Since the pins provided in the jet regulator according to the invention do not develop a predominantly beam-forming function, it is expedient if individual beams coming from the jet-splitting device irradiate a respective intersection node of the webs of the grating and / or network structure intersecting at intersection nodes directly and, if this is oriented in the direction of flow Projection of at least more than half of the flow holes is each aligned with a crossing node.

In order for the pins to form a comparatively large surface which is wettable by the flowing water, it is advantageous if the ratio of the height h of the pins to the diagonal d, in particular at the foot of the pins, is greater than 1.5, preferably greater than 2.0 and in particular greater than 2.5 is.

In this case, a preferred embodiment according to the invention provides that each pin has a total surface area greater than 5 mm ² , preferably greater than 7 mm ² and in particular greater than 9 mm ² . This area is a measure of the adhesiveness that the pens exert on the water.

The inventively provided pins can be held in any suitable form in the housing interior of the jet regulator housing. Thus, these pins can be formed, for example, to the bottom or outflow side of the jet disintegrating device. A preferred embodiment according to the invention, however, provides that the pins are additionally or instead formed on the outflow side of the jet disintegrating device and / or on the upstream side of the grating or network structure adjacent thereto.

A preferred embodiment according to the invention sees In each case, the lattice and / or network structures forming the jet regulating device have a plurality of webs oriented transversely to the flow direction and delimiting passage openings between them.

In an embodiment according to the invention, in which the pins are integrally formed on the upstream side of the adjacent grid or network structure, it may be advantageous if the pins point with their free pin ends in the direction opposite to the direction of flow, there to the closing of the Water valve in this housing part area to keep remaining water longer.
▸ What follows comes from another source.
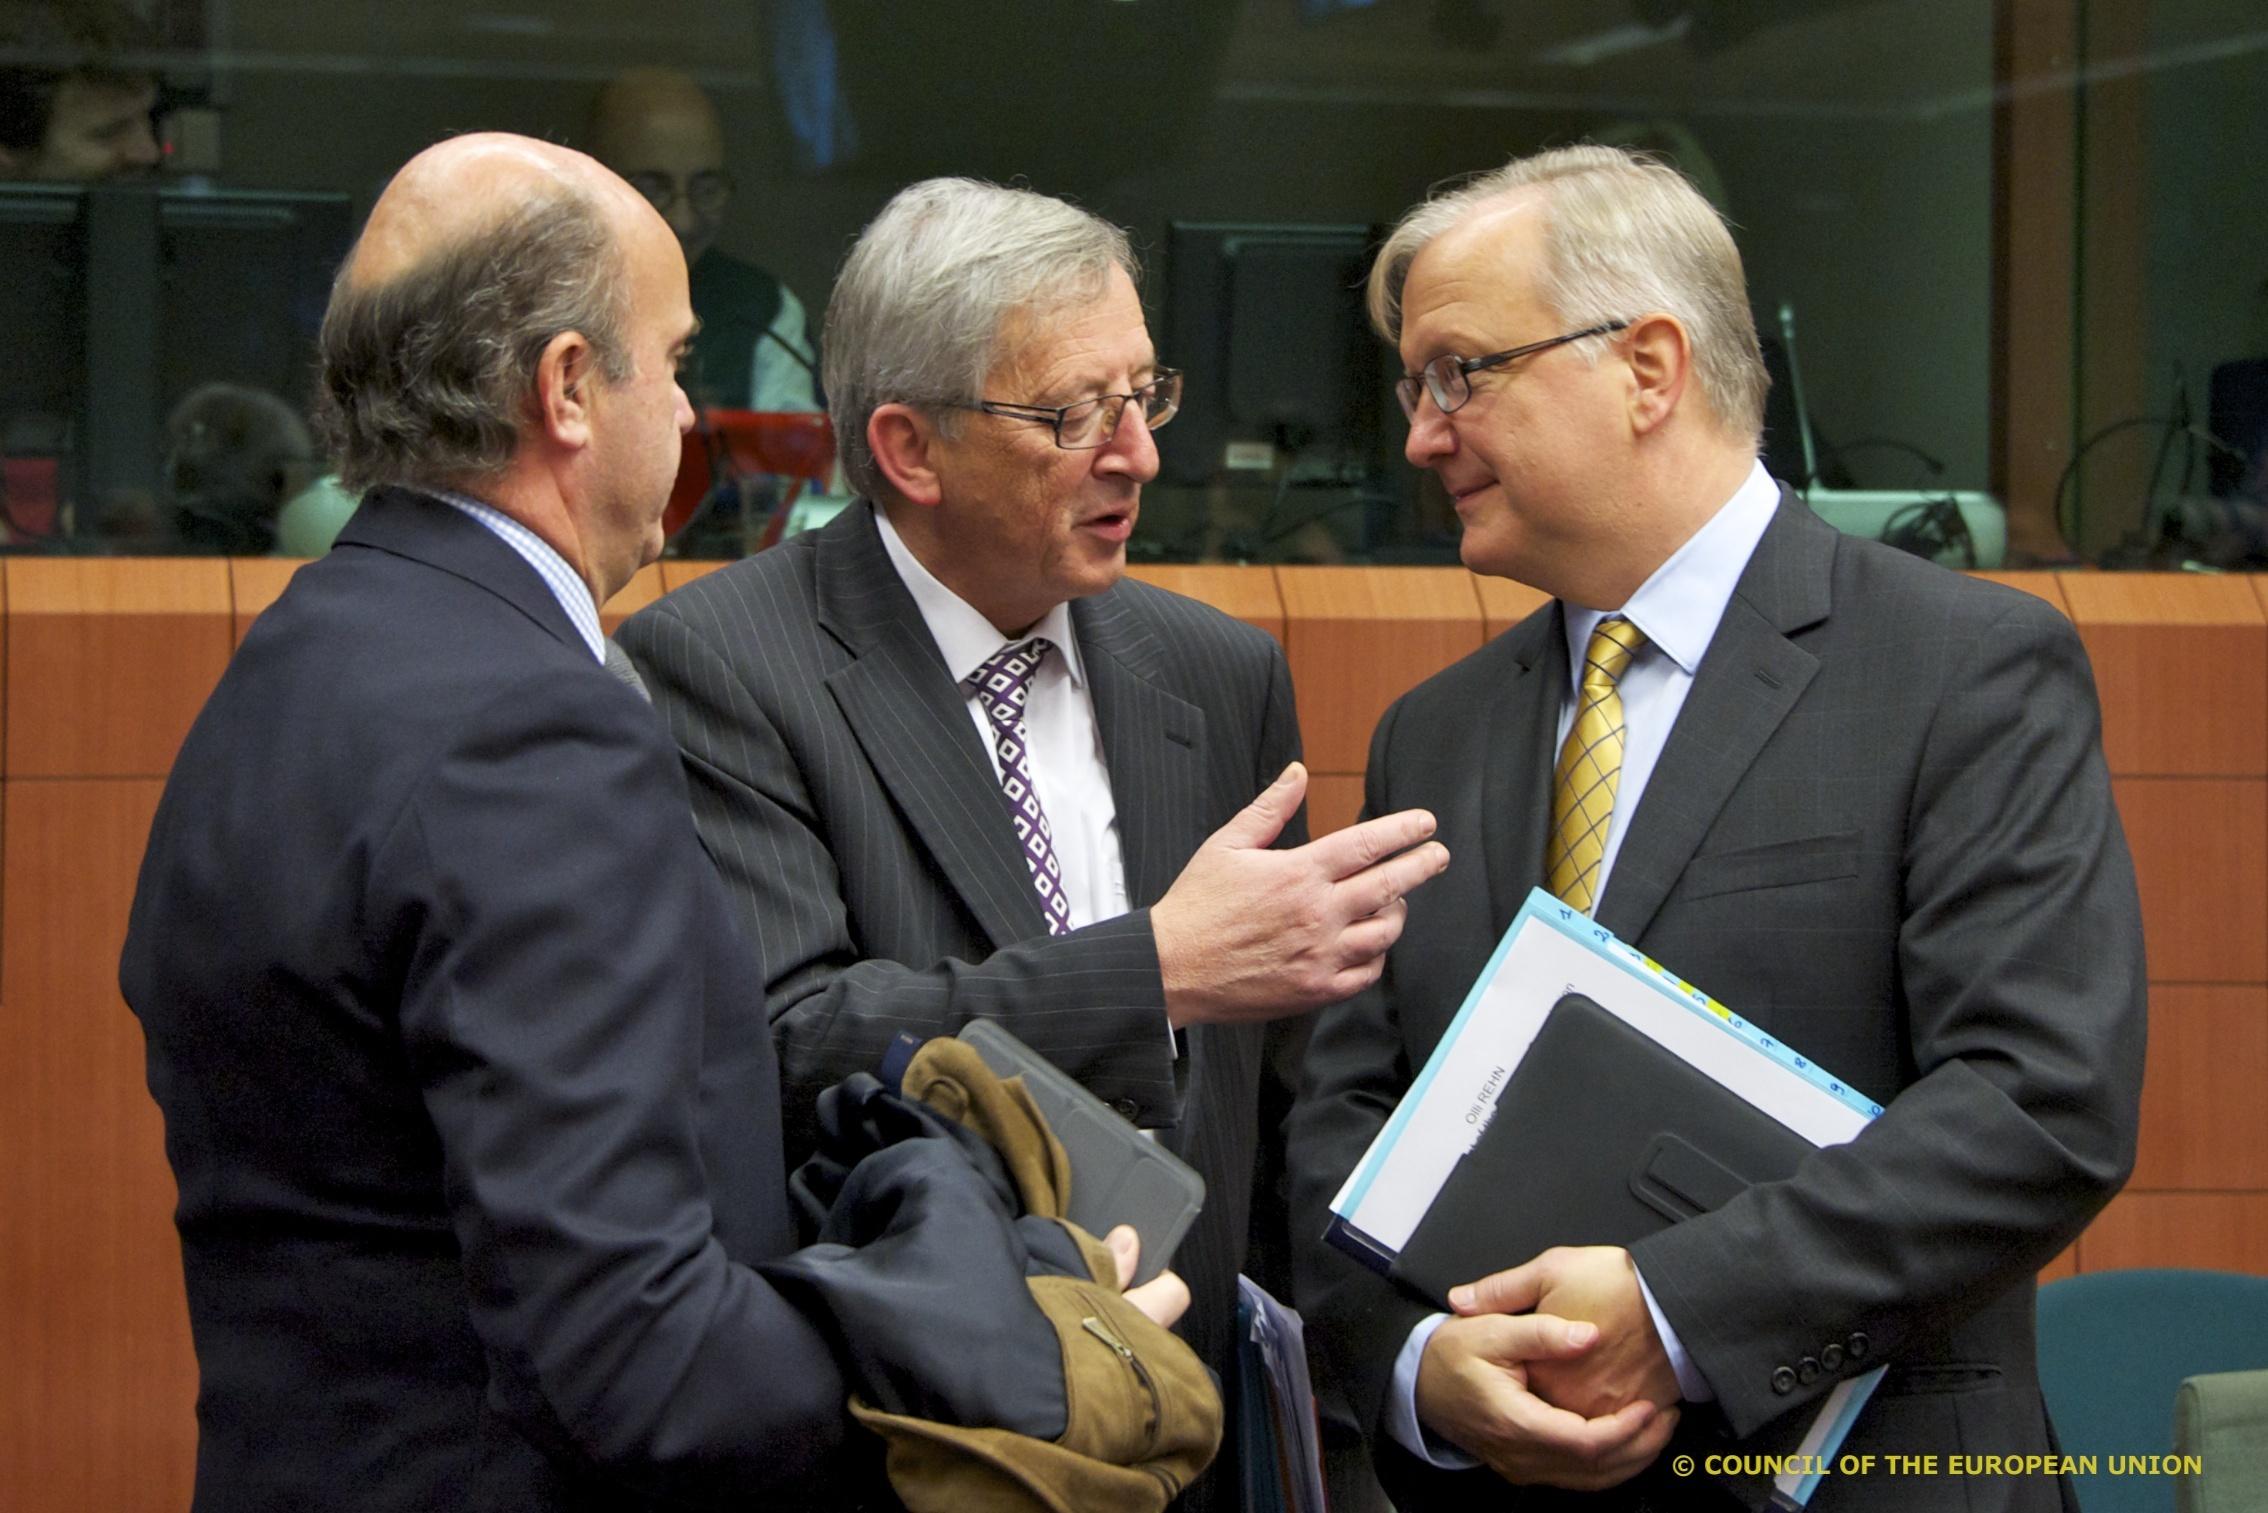 Το επίσημο ανακοινωθέν του Eurogroup: Μπράβο, κάνατε ό,τι ζητήσαμε…

In order for each individual pencil to be able to hold a comparatively large amount of water as a superficial film of water, it is advantageous if at least one pin has a non-round, preferably a polygonal, and in particular a cross-shaped pin cross-section. In particular, a cross-shaped pin cross-section has the advantage that it is particularly well adapted in its cross-section to the lattice or network structure supporting it.

The pins can be clipped, glued, welded or otherwise attached to the webs of the adjacent grid and / or network structure. A particularly simple and inexpensive to produce embodiment according to the invention, however, provides that the pins are integrally formed on the supporting webs.

The webs forming a lattice or network structure and the pins held thereon form a particularly good functional unit when the webs carrying the pins form a throughflow plane oriented transversely and preferably at right angles to the flow direction.

A preferred embodiment according to the invention provides that the webs carrying the pins are arranged in a lattice-like or net-like manner, crossing each other at crossing nodes.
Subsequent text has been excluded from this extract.